Crown jewel analysis
Crown jewel analysis focuses hunting activity on the assets most critical to your organization. These are the databases containing your most sensitive data, the systems that would cause the most damage if compromised, the accounts with the most privileged access. Rather than hunting broadly across your entire environment, crown jewel analysis asks: what activity around our most critical assets looks unusual?
This technique is particularly valuable for organizations that can’t run comprehensive hunts across their entire environment regularly. By prioritizing hunting around what matters most, you maximize the security value of limited hunting time.
| Technique | Best for | Data requirements |
|---|---|---|
|
Hypothesis-driven |
Unknown threats, novel attacker behavior | Broad telemetry, threat intel, environment knowledge |
|
IOC hunting |
Known campaigns, rapid sweeps | Threat intelligence feeds, log access |
|
TTP-based (ATT&CK) |
Systematic coverage, behavior-focused detection | Endpoint, network, identity telemetry |
|
Behavioral baselining |
Finding subtle deviations, insider threats | Historical baselines, consistent logging |
|
Stack counting |
Outlier detection at scale | Large, consistent datasets across many systems |
|
Crown jewel analysis |
Resource-constrained programs, high-value asset focus | Asset inventory, privileged access logs |
Frequently asked questions
What is the most effective threat hunting technique?
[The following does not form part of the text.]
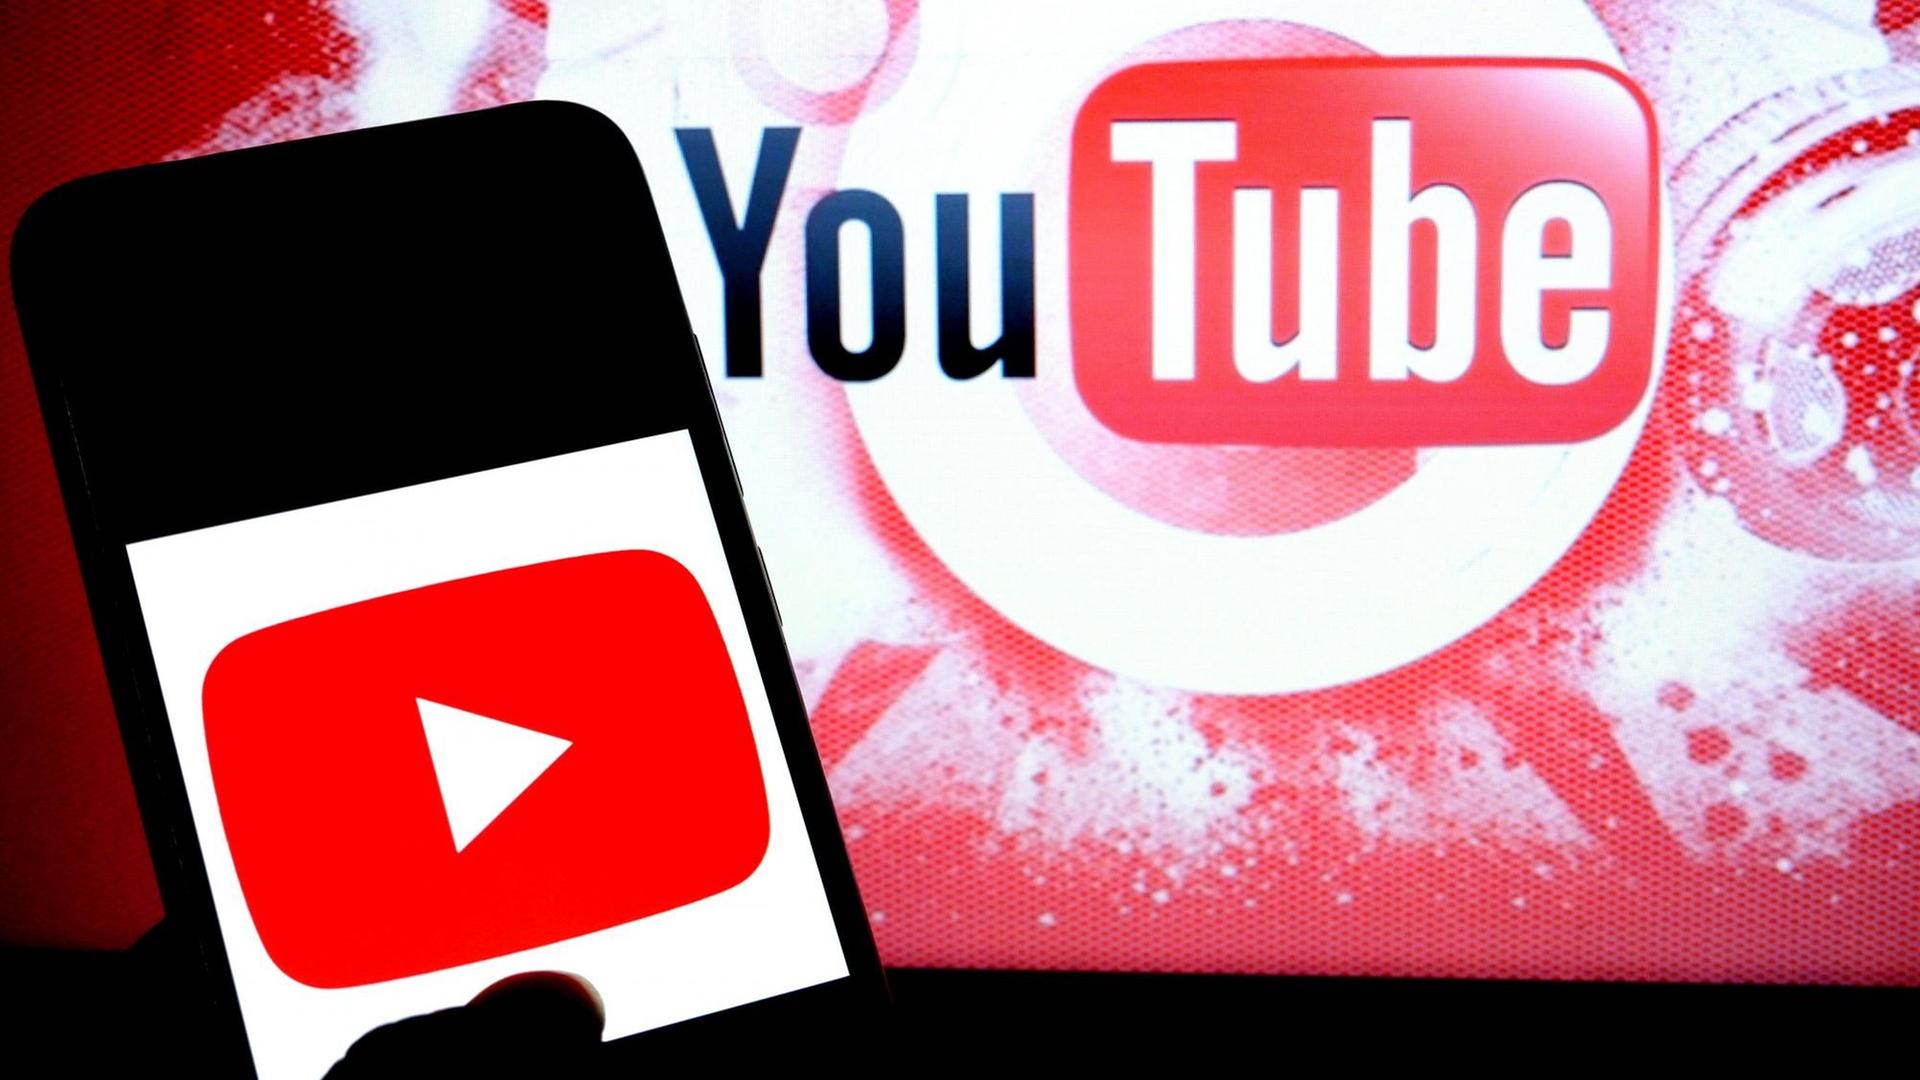 Handy mit Youtube-Logo vor einer Leinwand, die ebenfalls das Youtube-Logo zeigt

Hypothesis-driven hunting is generally considered the most powerful technique because it can find threats that no existing indicator or rule would catch. However, it’s also the most resource-intensive, requiring experienced analysts and good environmental knowledge. Most programs combine hypothesis-driven hunting with IOC sweeps and TTP-based searches to balance depth with coverage.
Do I need to use all of these techniques?
No. Start with the techniques that match your current capabilities and data availability. IOC hunting and basic stack counting are good starting points for teams new to hunting. Hypothesis-driven and TTP-based techniques reward investment in analyst training and environmental knowledge. Build complexity as your program matures.
How does MITRE ATT&CK help with threat hunting?
ATT&CK provides a structured inventory of attacker behaviors that hunters can systematically search for. By mapping your detection coverage to ATT&CK techniques, you can identify which behaviors you have good visibility into, which you can hunt for manually, and which represent gaps in your program. It turns “hunt for threats” into a structured, measurable activity.
Can automated tools replace manual hunting techniques?
Automation helps with scale and consistency (running scheduled IOC sweeps, flagging statistical outliers automatically) but it can’t replicate the creative thinking of hypothesis-driven hunting. Automated tools find what they’re programmed to find. Skilled hunters find what they hypothesize might be there, even without prior indicators. The best programs combine both.